Nothing outside the lines below from the one containing "YTC4770 SF6气体抽真空充气装置节图" through the one containing "Bosch Lb2 Uc30" is to be printed; print those exactly, ends included, and drop the pictures.

:: Data provided ::

╭──

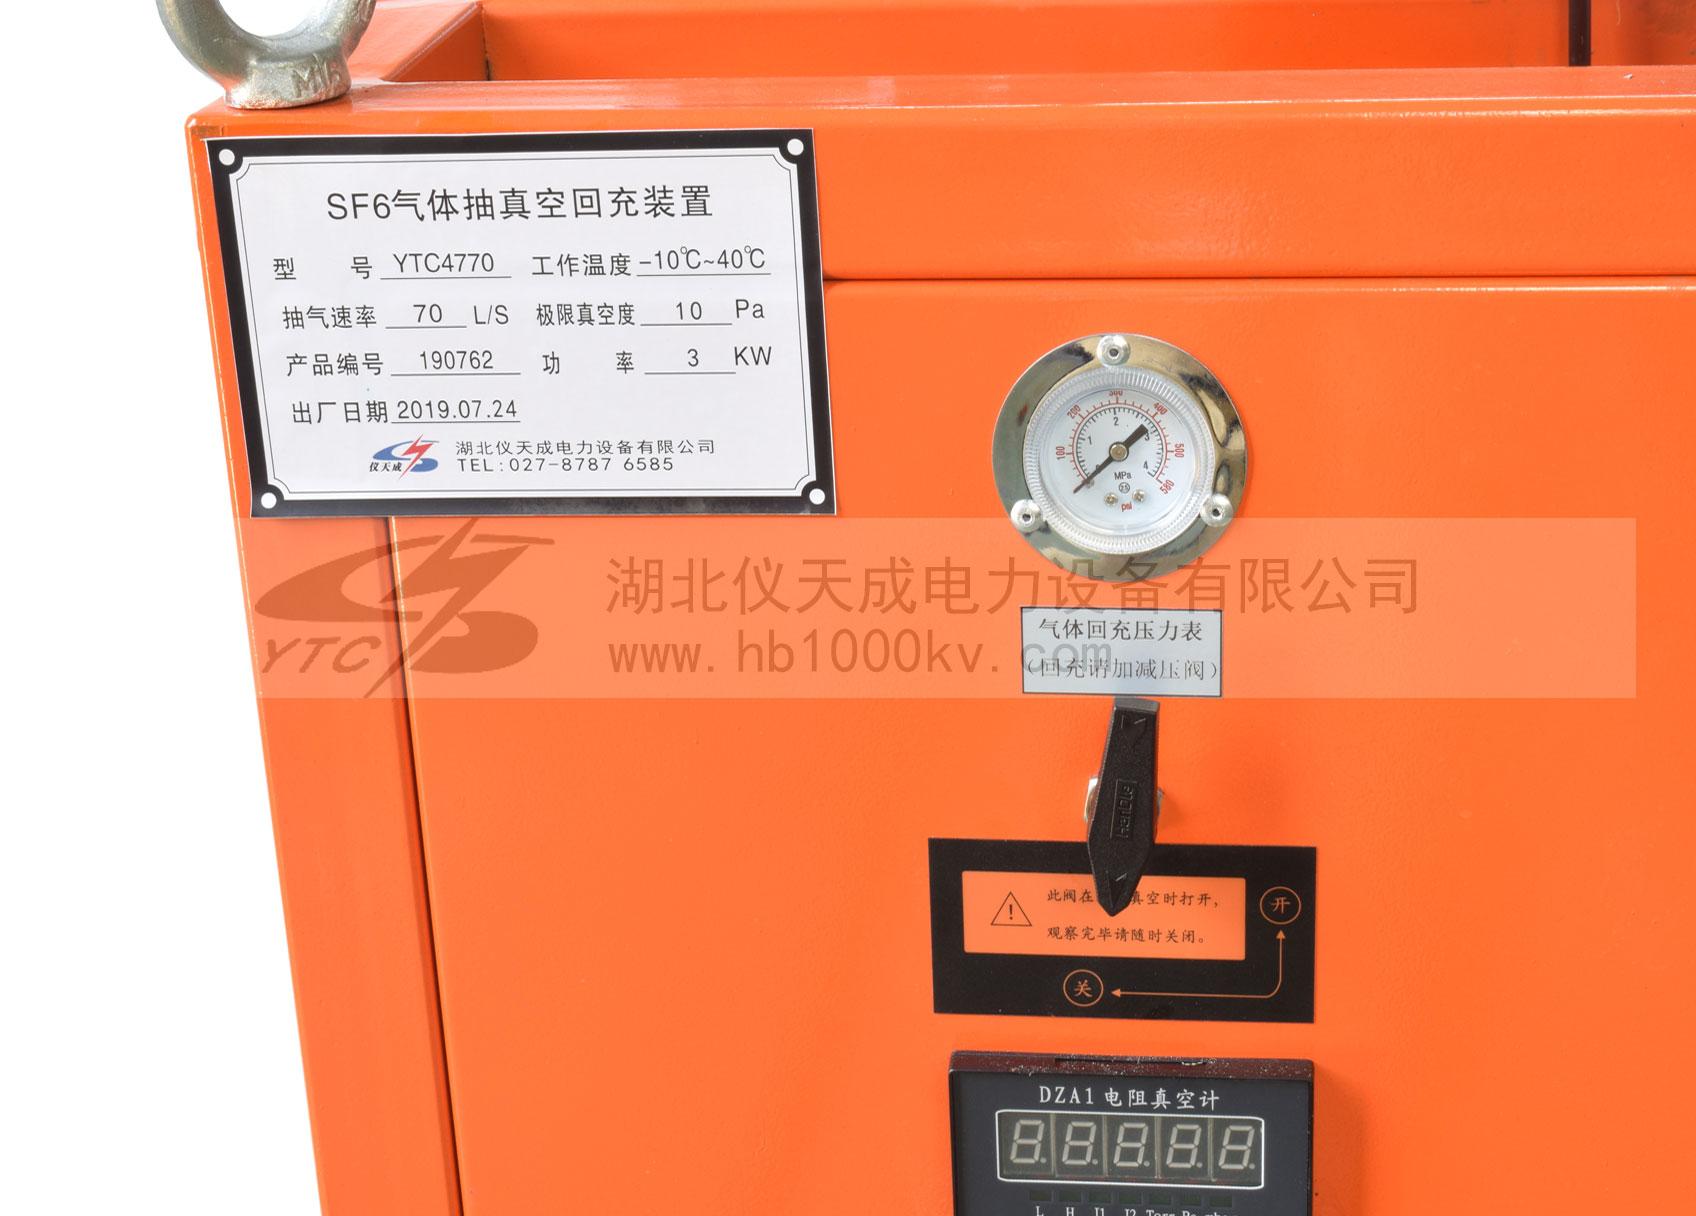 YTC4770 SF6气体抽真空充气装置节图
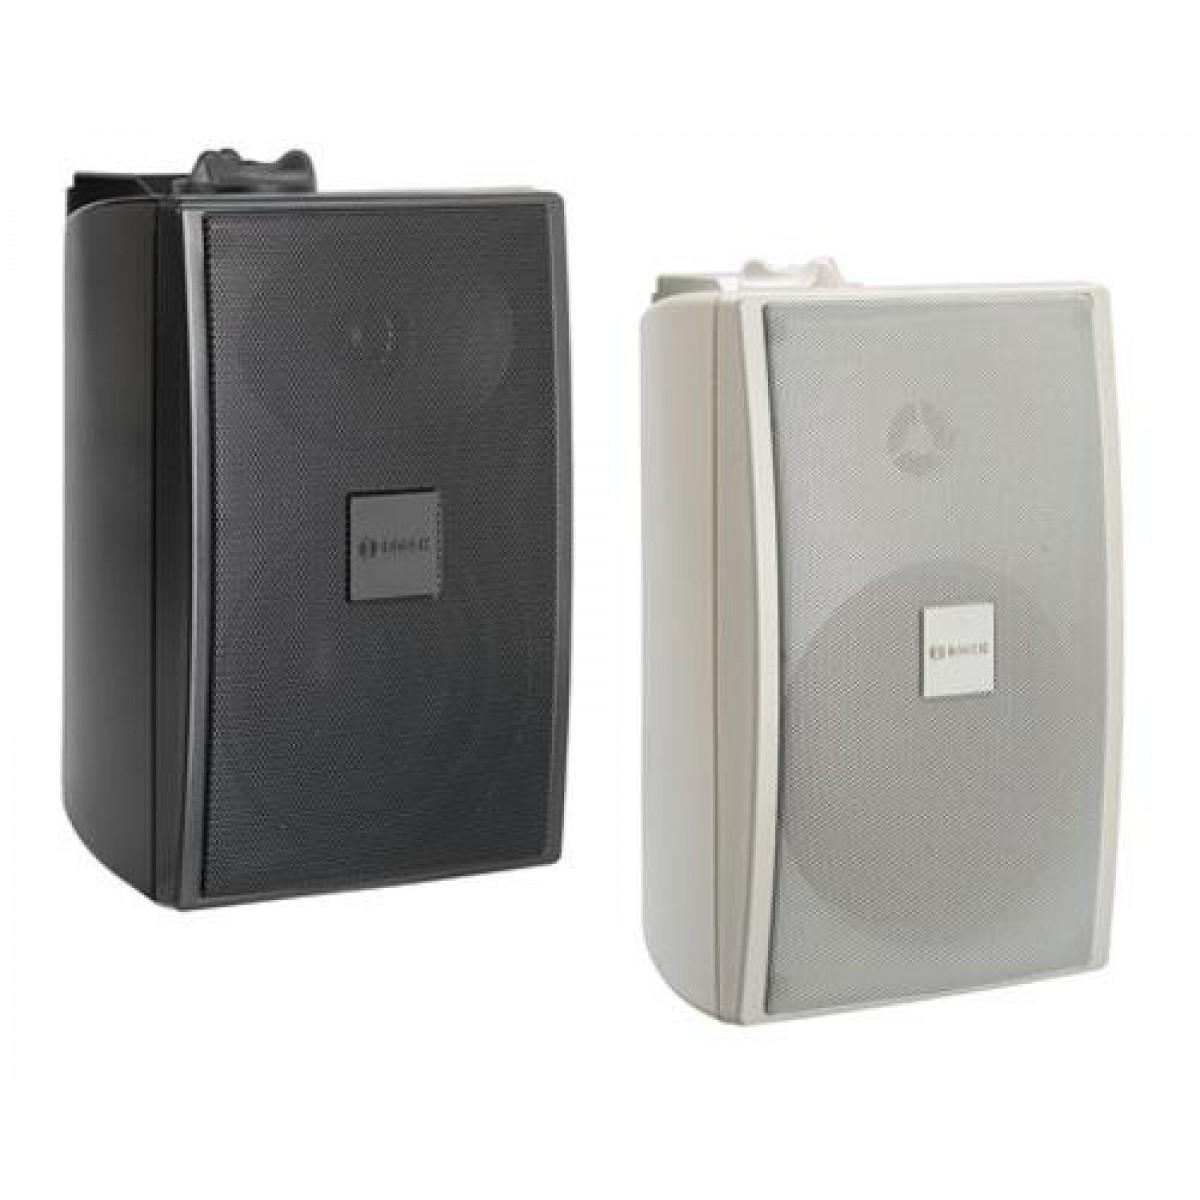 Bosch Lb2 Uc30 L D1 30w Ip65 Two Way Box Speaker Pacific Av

╰──
╭──

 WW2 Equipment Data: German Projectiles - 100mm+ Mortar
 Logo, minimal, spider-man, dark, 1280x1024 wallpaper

╰──
╭──

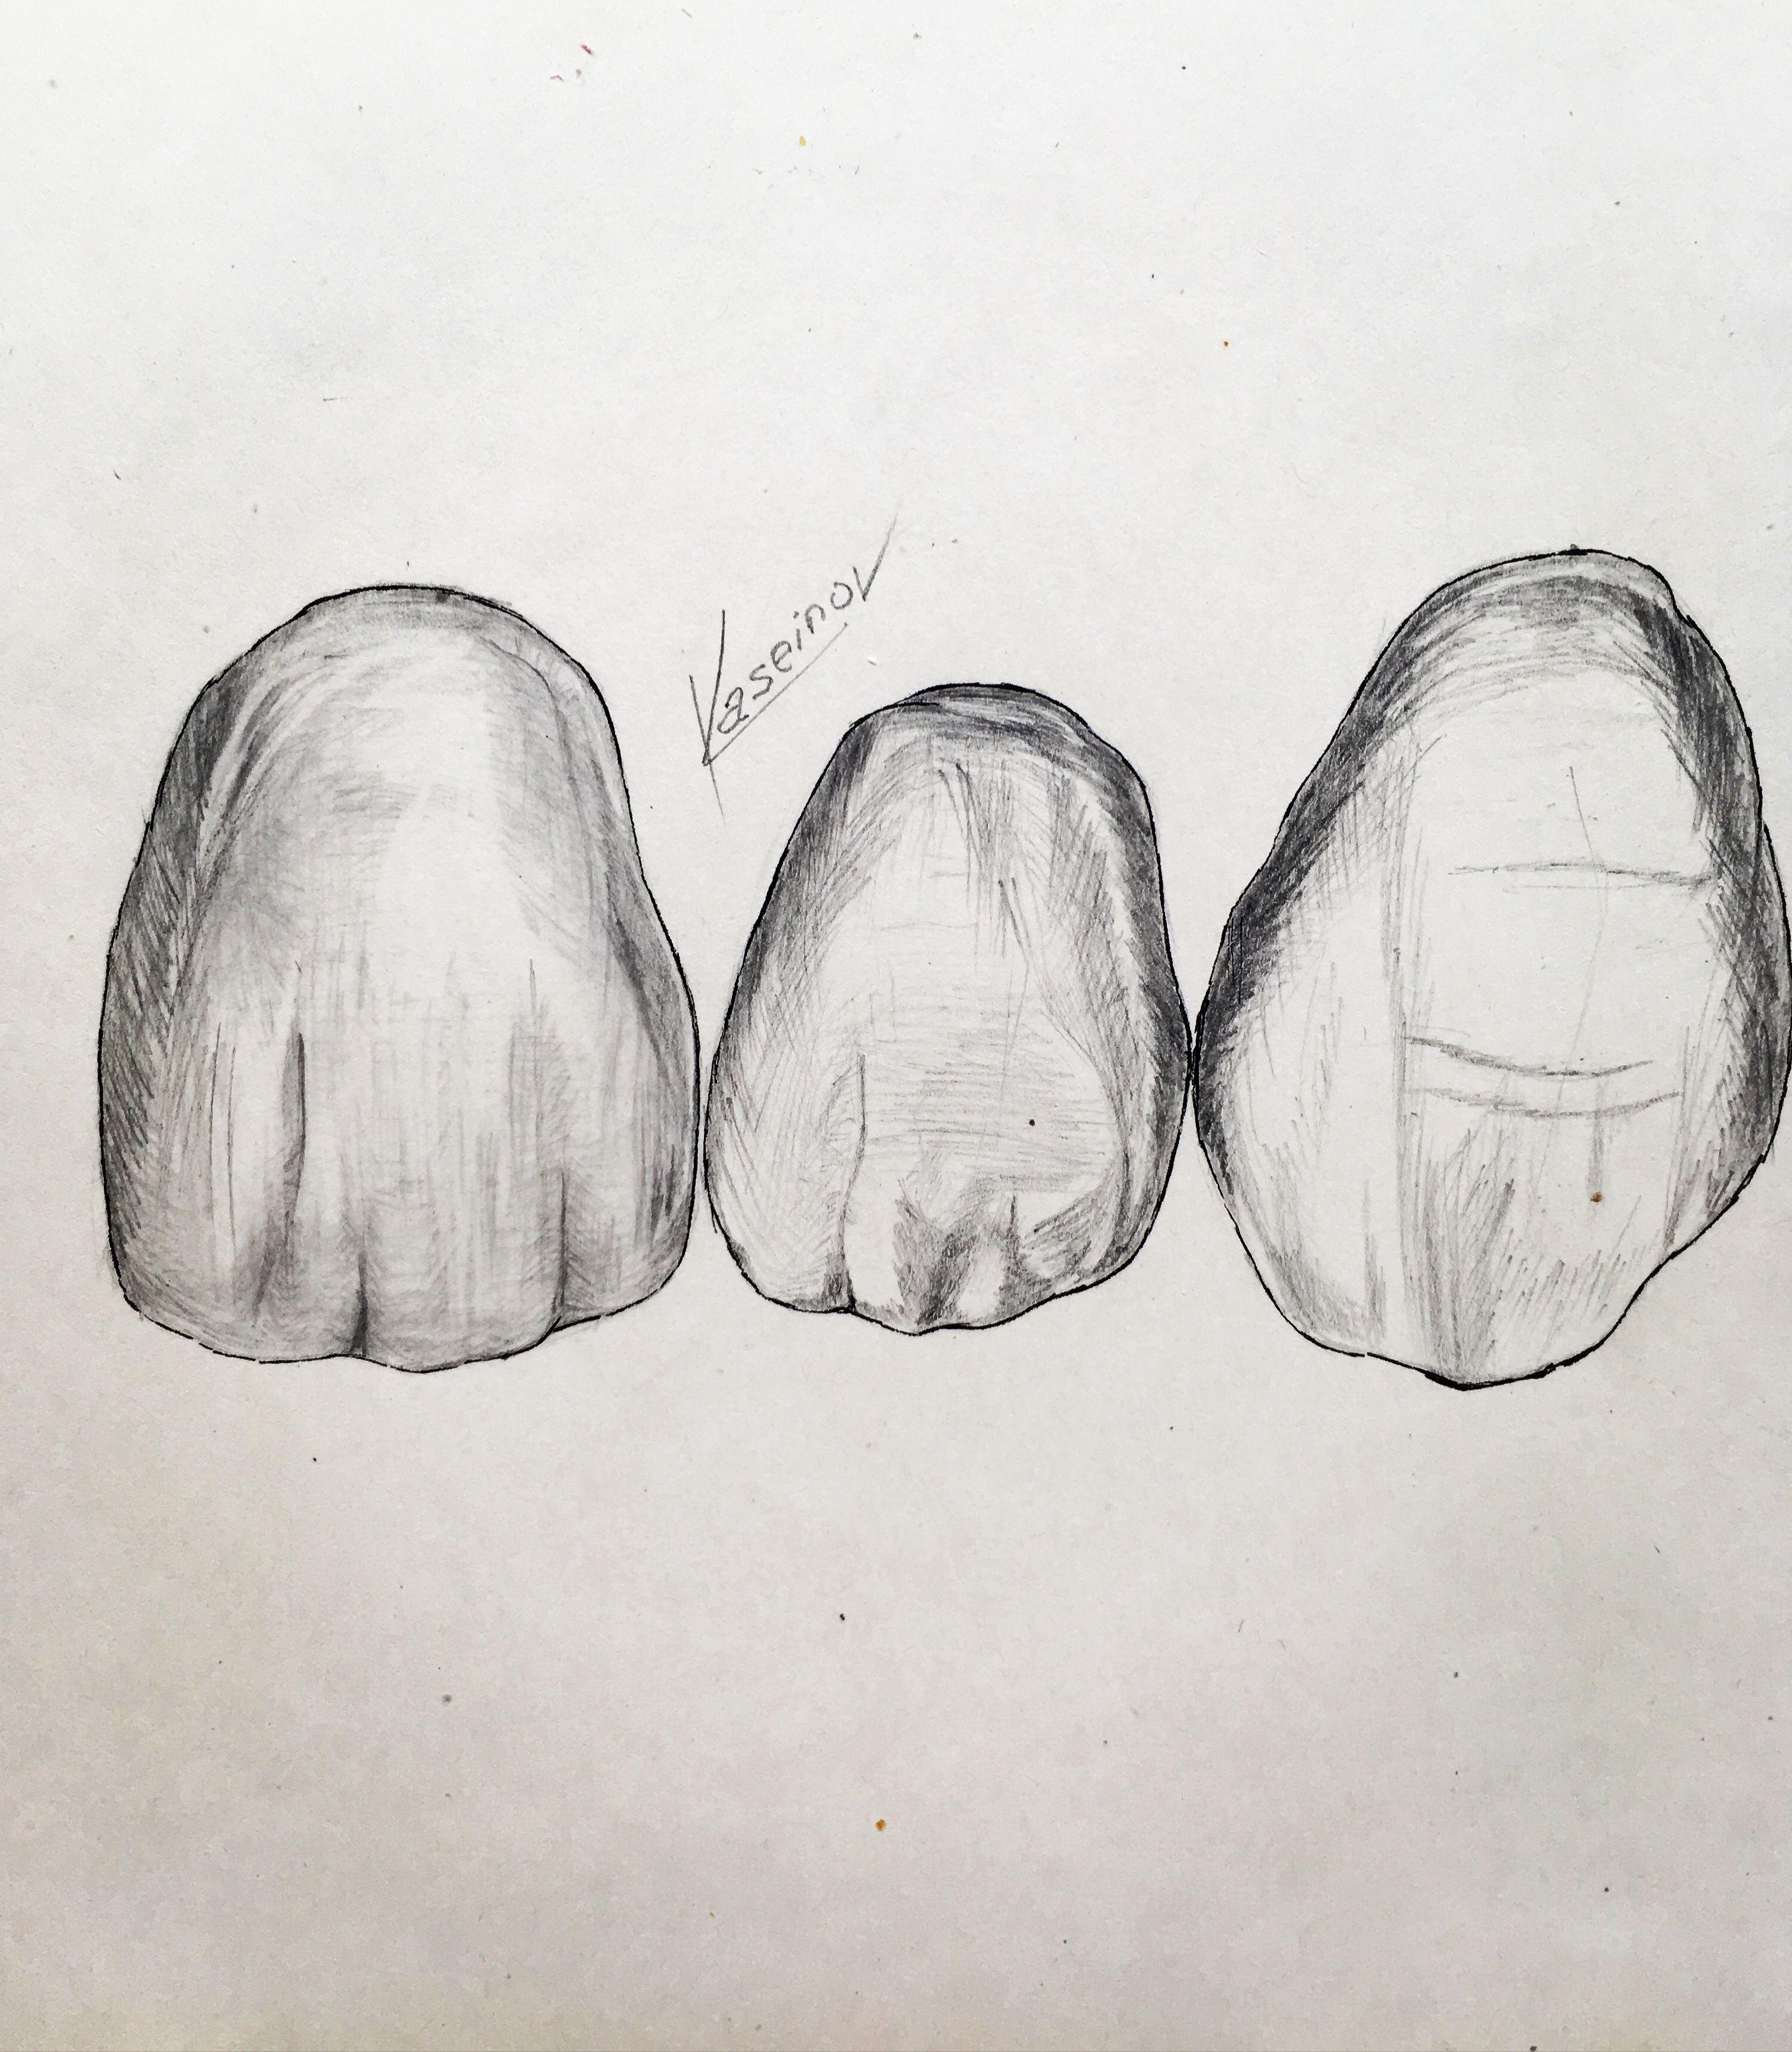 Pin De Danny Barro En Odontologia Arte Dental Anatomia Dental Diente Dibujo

╰──

:: Your solution ::
 YTC4770 SF6气体抽真空充气装置节图
 Bosch Lb2 Uc30 L D1 30w Ip65 Two Way Box Speaker Pacific Av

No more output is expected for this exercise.